All the cases to which we have been referred, decided by our own courts, where a court of equity intervened, are cases between the original judgment creditor, who has become insolvent after obtaining his judgment, and his debtor, who has a debt against him. None of them present the case of assertion of equitable set-off, as against an assignee of a judgment, of debts due from his assignor to complainant, as in this case. See Brazelton v. Brooks, 2 Head, 194; Edminson v. Baxter & Morell, 4 Hay., Cooper’s ed., top p. 112, 113.

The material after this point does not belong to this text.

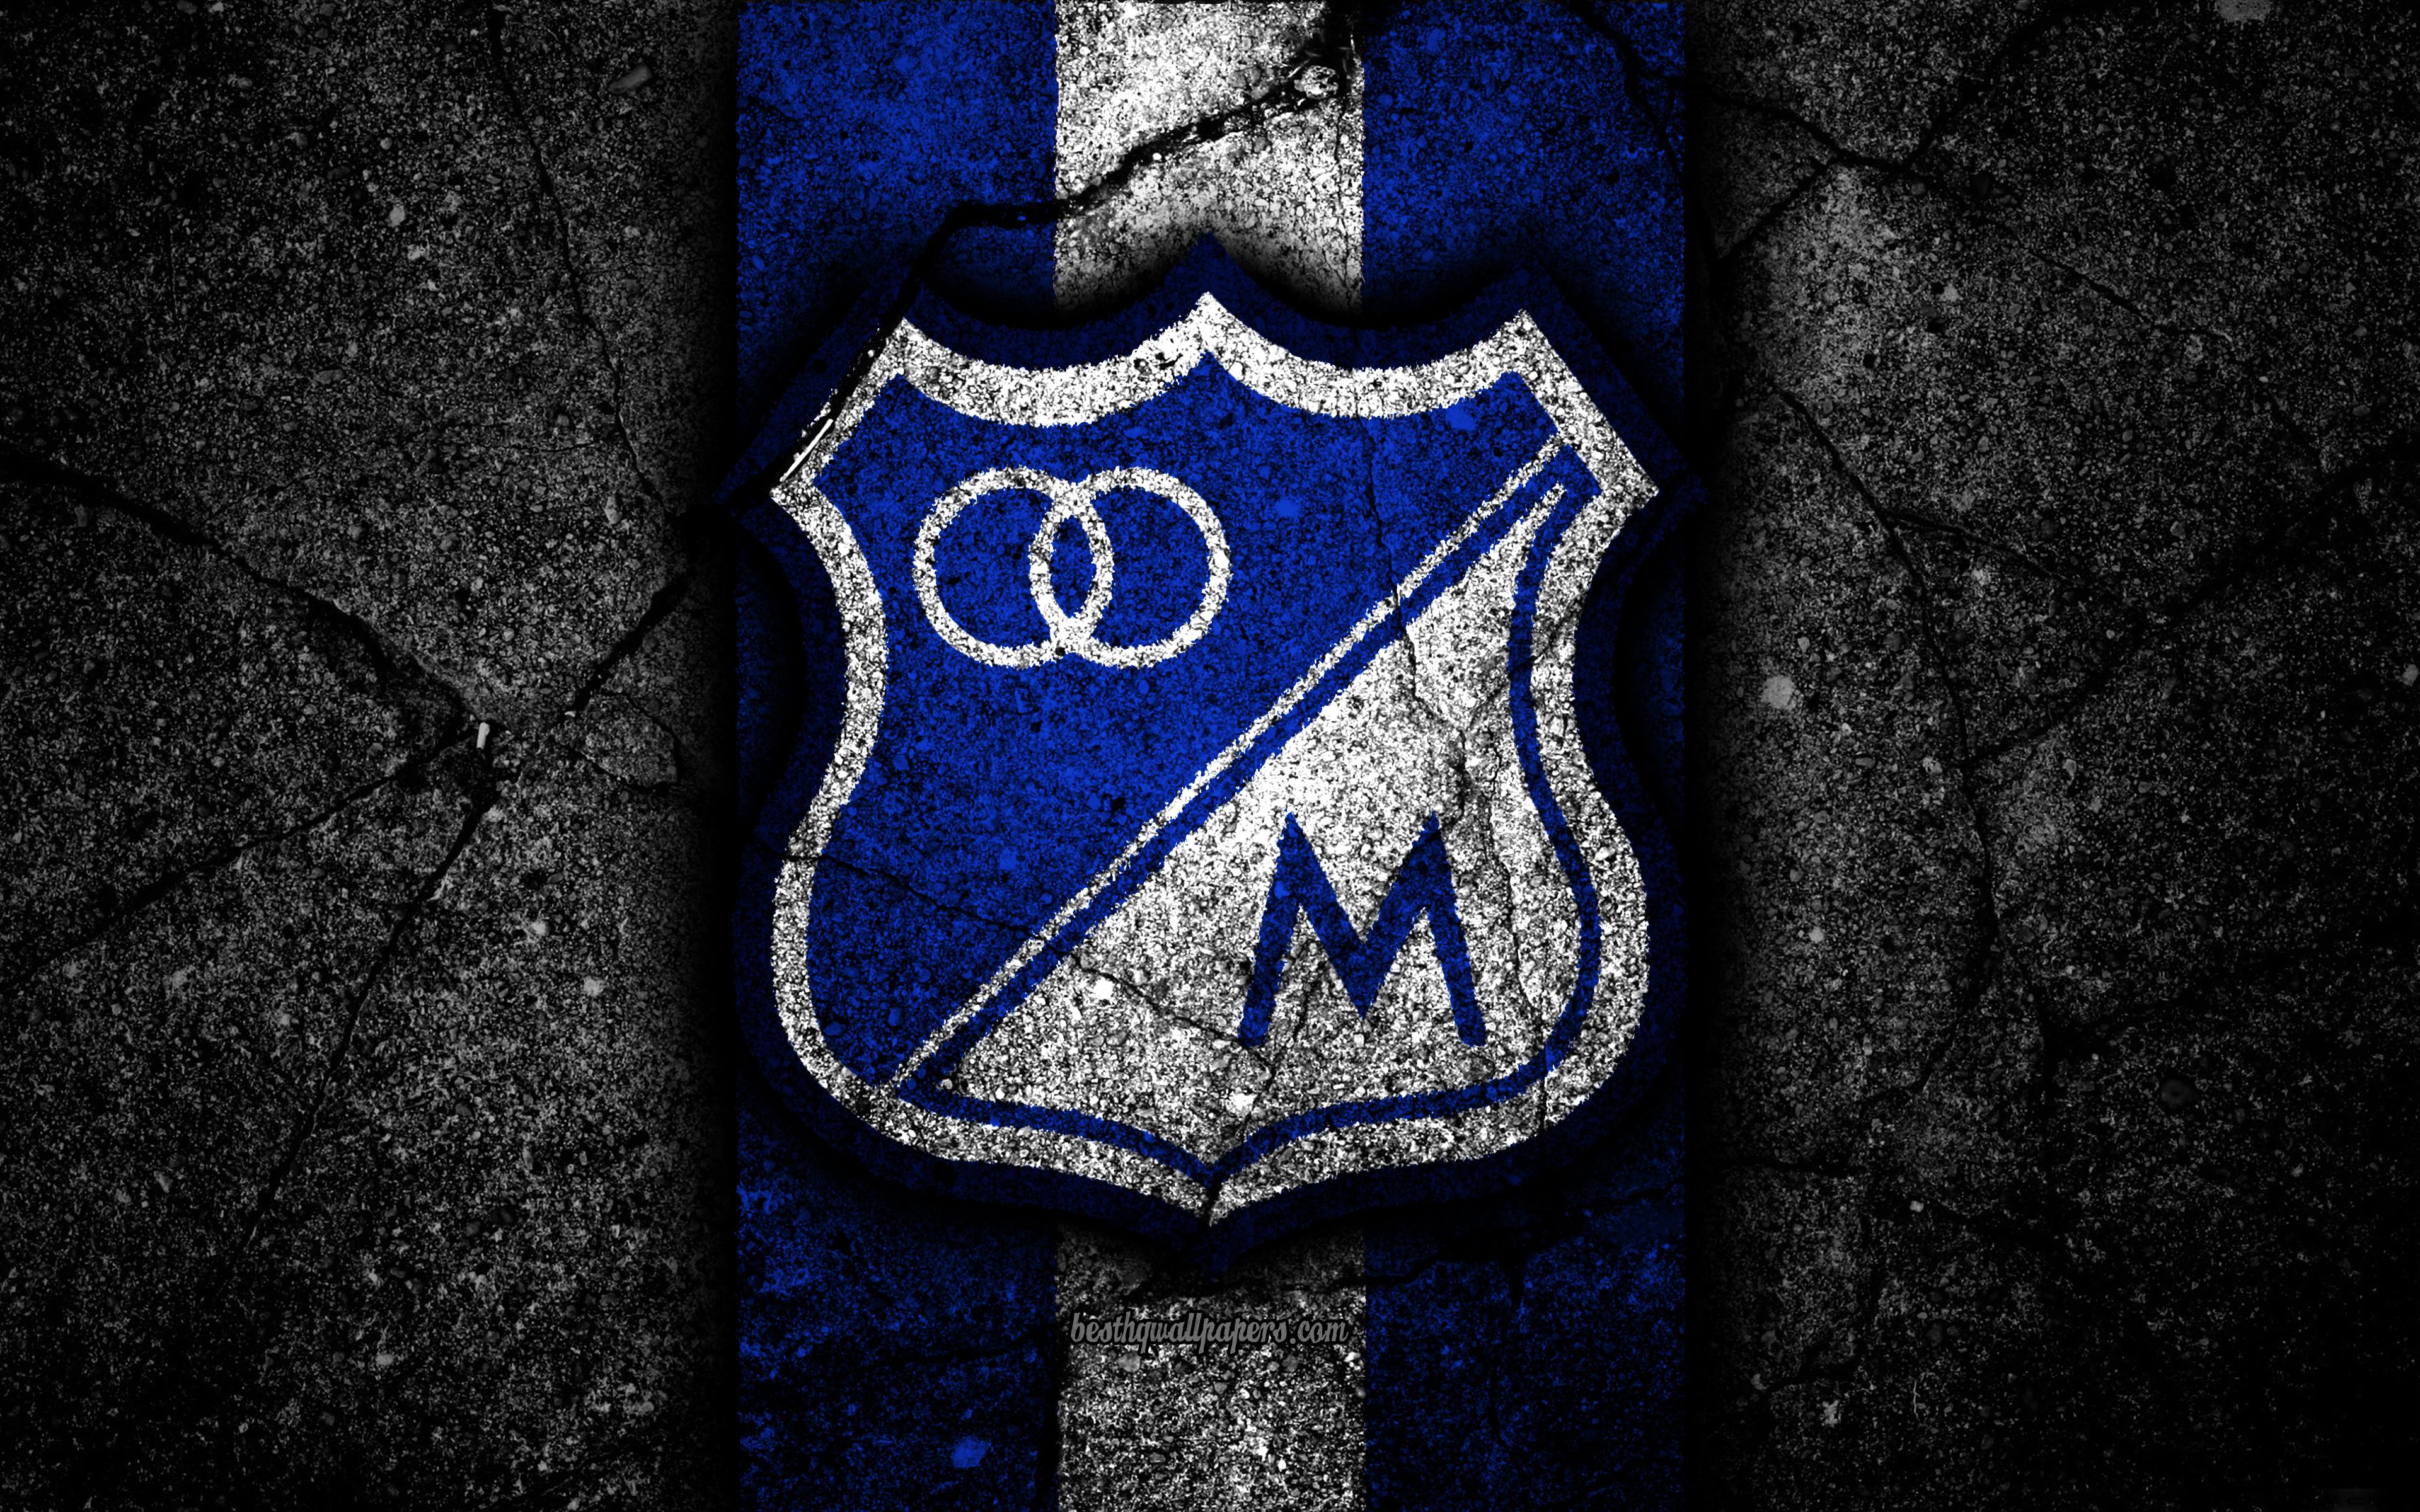 Descargar fondos de pantalla Millonarios FC 4k el logotipo el 3840x2400

The claims sought to be set off-in this case against the judgment obtained by Nolen, or a large portion of them, seem evidently to have been purchased by Catron on speculation; several of them assigned to him, without recourse on the indorsers from whom he purchased; and part of them owned before the judgment was obtained by Nolen.
We can see no particular merits in these claims, as shown in this record, and certainly nothing that calls for the active aid of a court of equity to enforce them against the assignee, who, as far as we can see, has obtained the judgment in good faith.
The decree of the Chancellor will be reversed, and *589complainant’s bill be dismissed. The costs of this court will be paid by complainant and his sureties. The costs of the court below will be divided between the parties complainant, and defendants.